**The problem**
Your copy starts at the line containing "Un pastor que" and ends at the last line of the material below. Reproduce those lines exactly, with no pictures.

**Information provided**
• • •

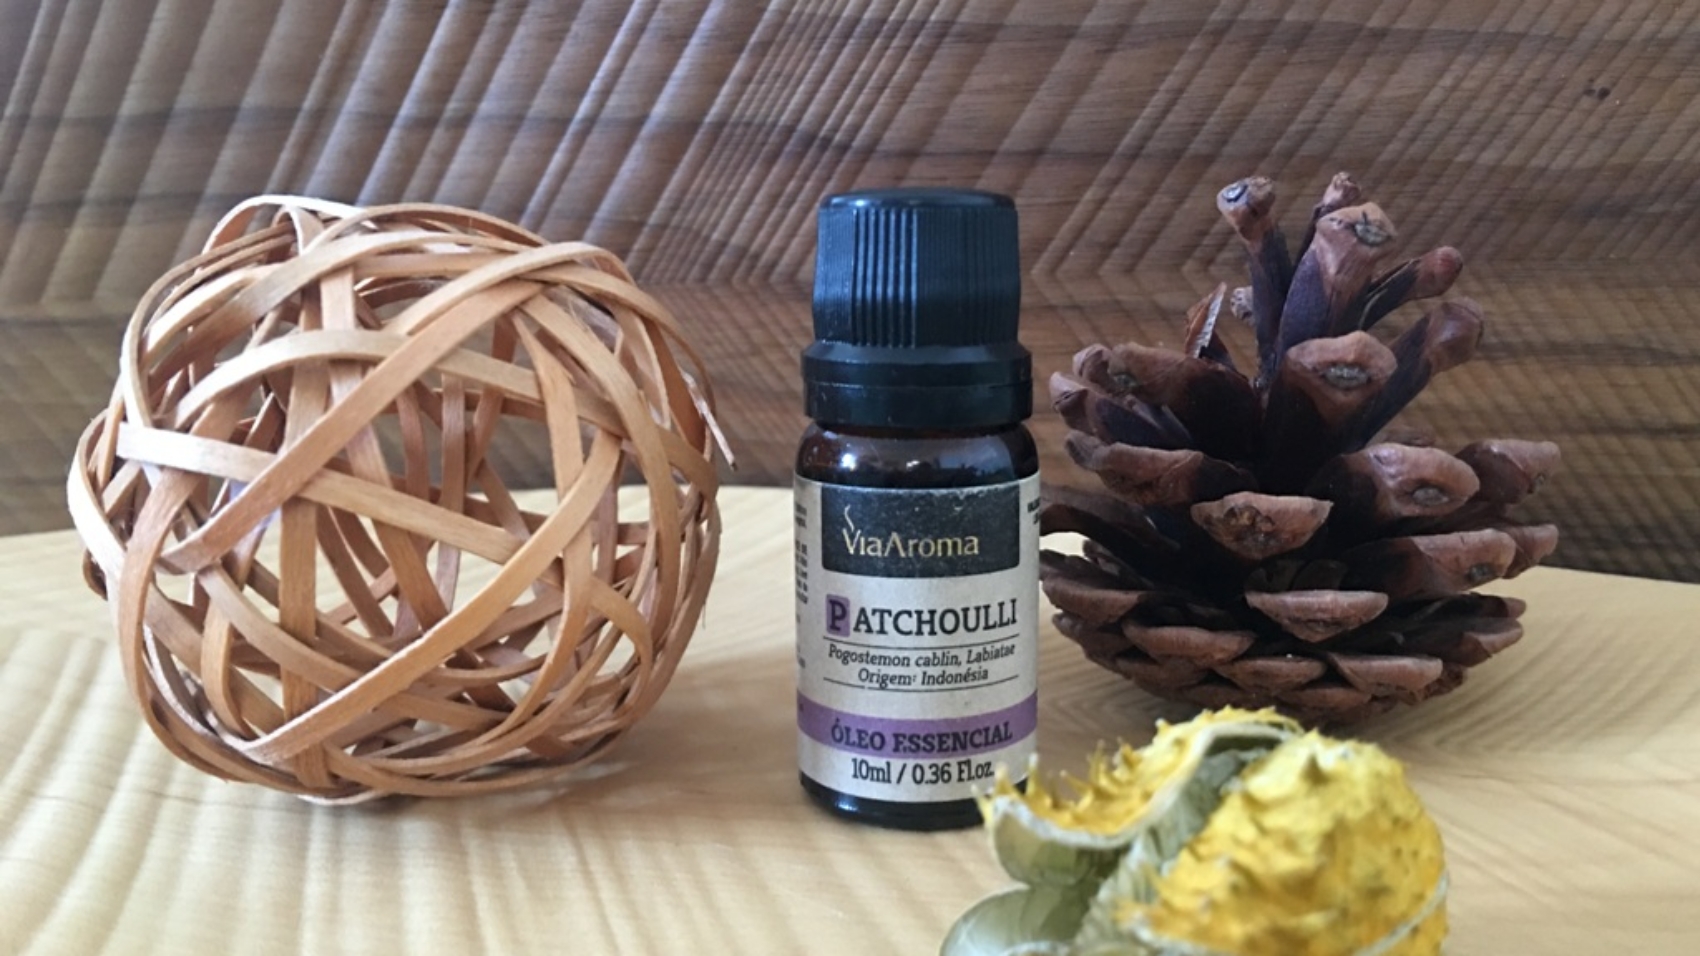 oleo essencial de patchoulli para aromaterapia
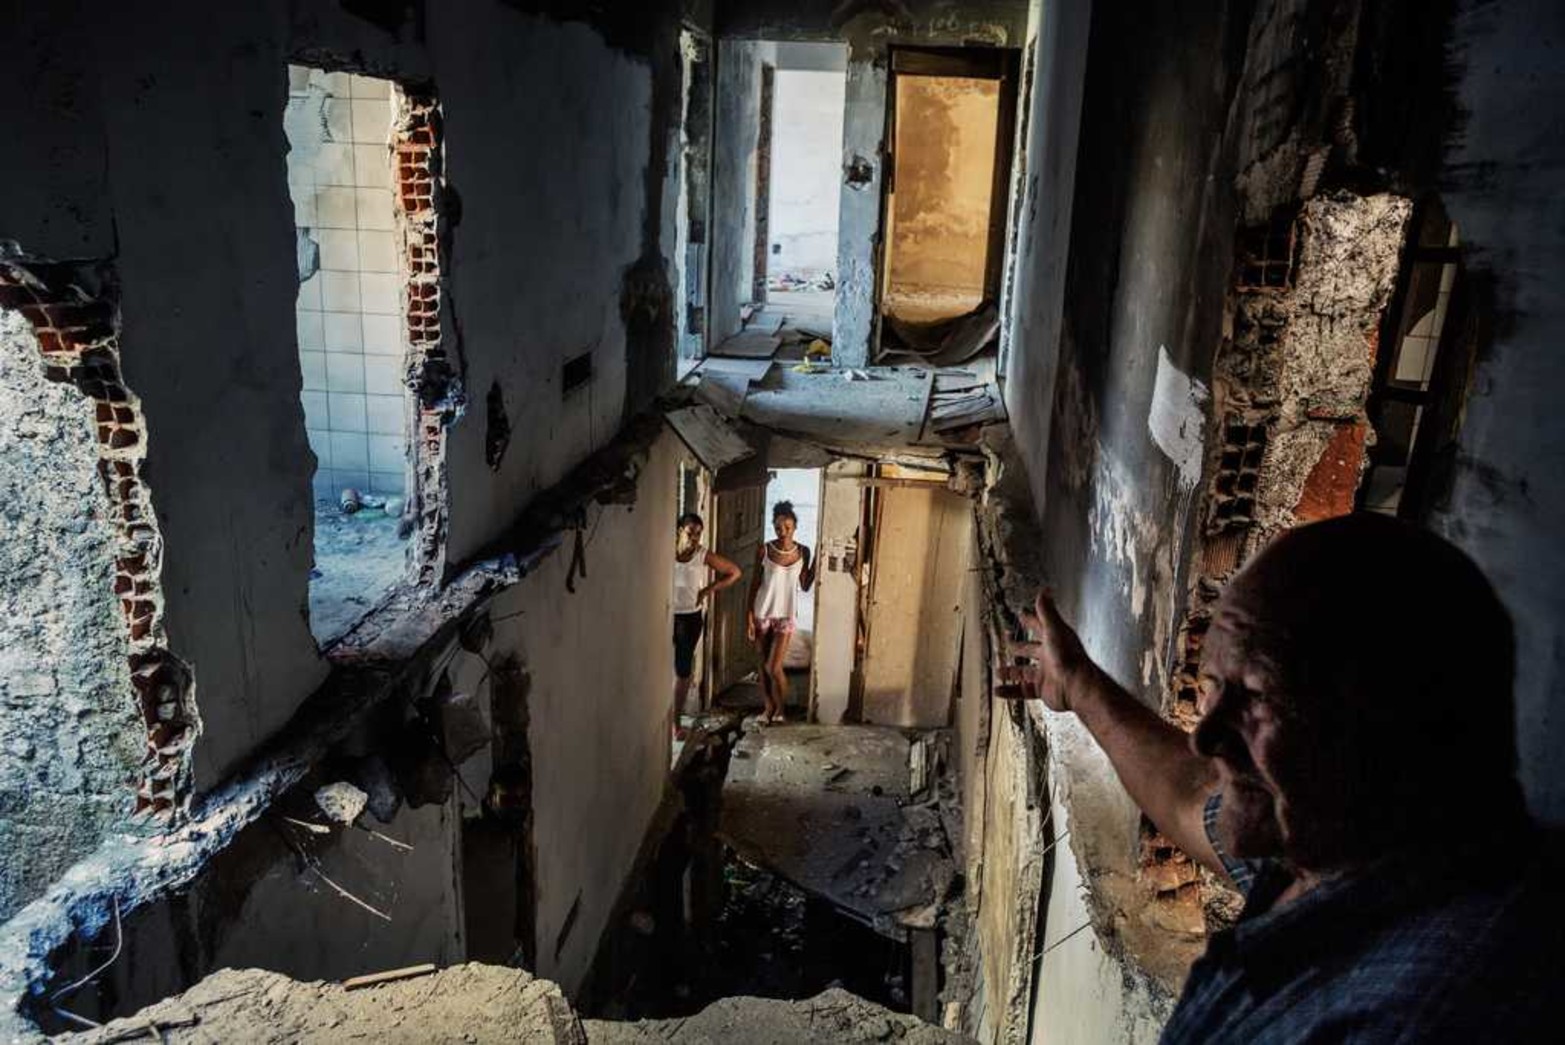 Un pastor que vive en un edificio ocupado de Rio de Janeiro, Brasil, explica el 19/07/2015 los problemas que tiene el sitio. La foto de Peter Bauza fue premiada por la fundación World Press Photo.
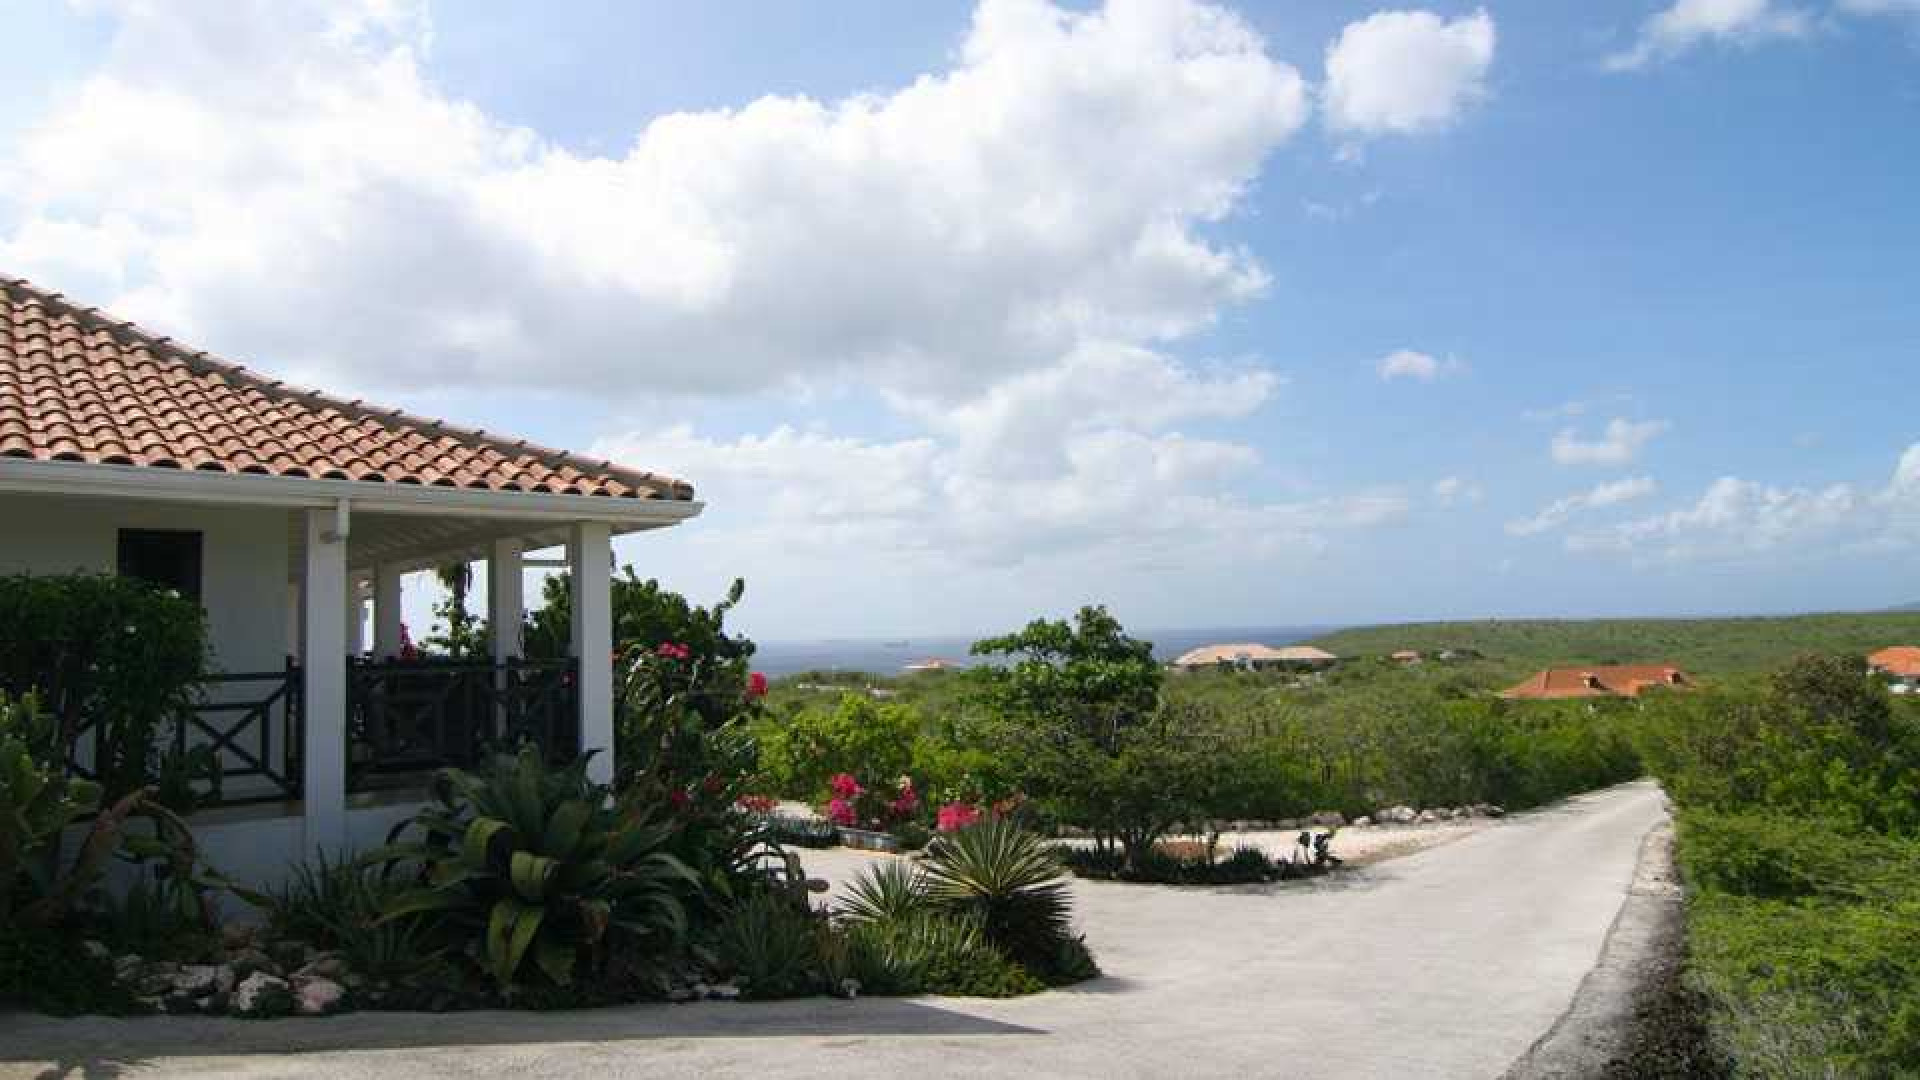 Barry Hay zet zijn miljoenenvilla op Curacao te koop. Zie foto's 12

• • •

**Answer to the exercise**
 Un pastor que vive en un edificio ocupado de Rio de Janeiro, Brasil, explica el 19/07/2015 los problemas que tiene el sitio. La foto de Peter Bauza fue premiada por la fundación World Press Photo.
 Barry Hay zet zijn miljoenenvilla op Curacao te koop. Zie foto's 12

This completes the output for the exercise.